Protoneutron Star Convection Simulated with a New General Relativistic Boltzmann Neutrino Radiation-Hydrodynamics Code

TL;DR

This study uses a new general relativistic Boltzmann neutrino radiation-hydrodynamics code to simulate convection in a protoneutron star, revealing sustained convection, increased neutrino emissions, and potential fast flavor conversions.

Contribution

It introduces a novel simulation code and provides the first 2D analysis of PNS convection with detailed neutrino transport and flavor conversion insights.

Findings

Convection is initiated and sustained in the 2D PNS simulation.

Convection enhances neutrino luminosities and energies.

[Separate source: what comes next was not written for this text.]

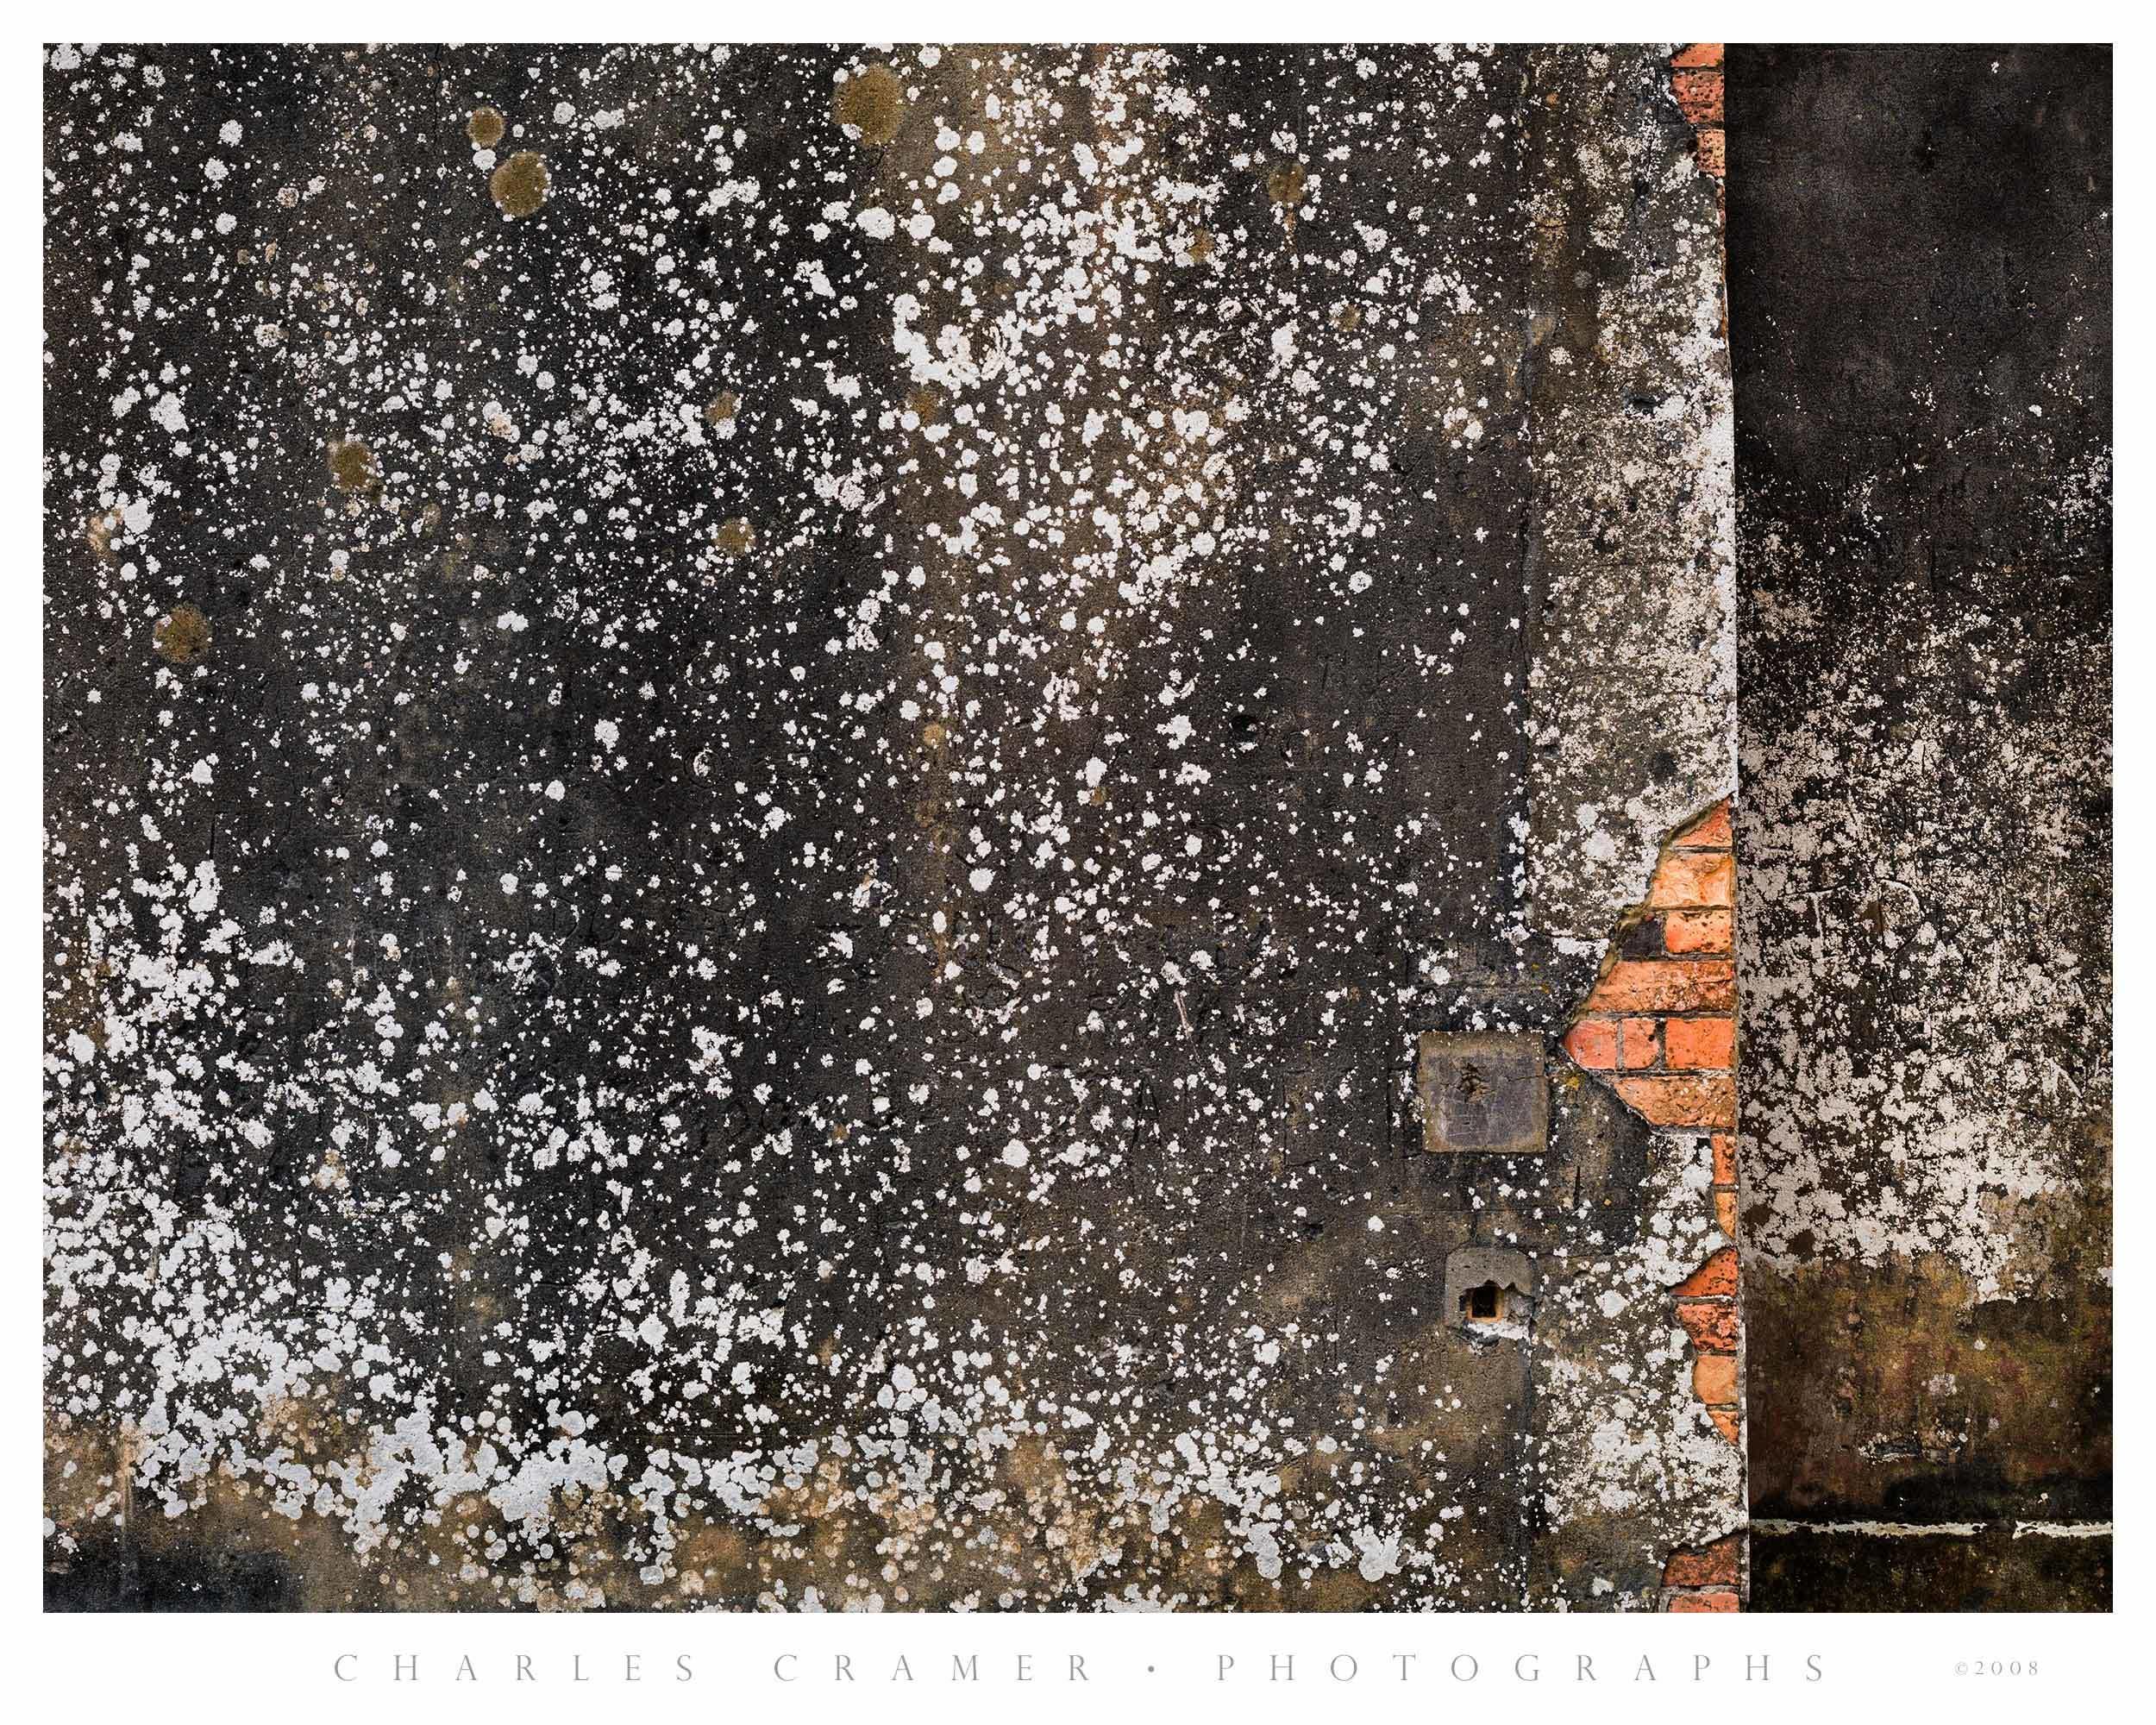 Wall Detail, Penal Colony Ruins, Tasmania, Australia

Fast flavor conversion is likely in low $Y_e$ regions with high growth rates.

Abstract

We investigate the protoneutron star (PNS) convection using our newly developed general relativistic Boltzmann neutrino radiation-hydrodynamics code. This is a pilot study for more comprehensive investigations later. As such, we take a snapshot of a PNS at 2.3 seconds after bounce from a 1D PNS cooling calculation and run our simulation for $\sim160\,\mathrm{ms}$ in 2D under axisymmetry. The original PNS cooling calculation neglected convection entirely and the initial condition is linearly unstable to convection. We find in our 2D simulation that convection is instigated there indeed and expands inward after being full-fledged. The convection is then settled to a quasi-steady state in $\sim100\,\mathrm{ms}$, being sustained by the negative $Y_e$ gradient, which is in turn maintained by neutrino emissions. It enhances the luminosities and mean energies of all species of neutrinos compared to 1D. Taking advantage of the Boltzmann solver, we analyze the possible occurrence of the neutrino fast flavor conversion (FFC). We found that FFC is likely to occur in the regions, where $Y_e$ is lower, and that the growth rate can be as high as $\sim 10^{-1}\,{\mathrm{cm}^{-1}}$.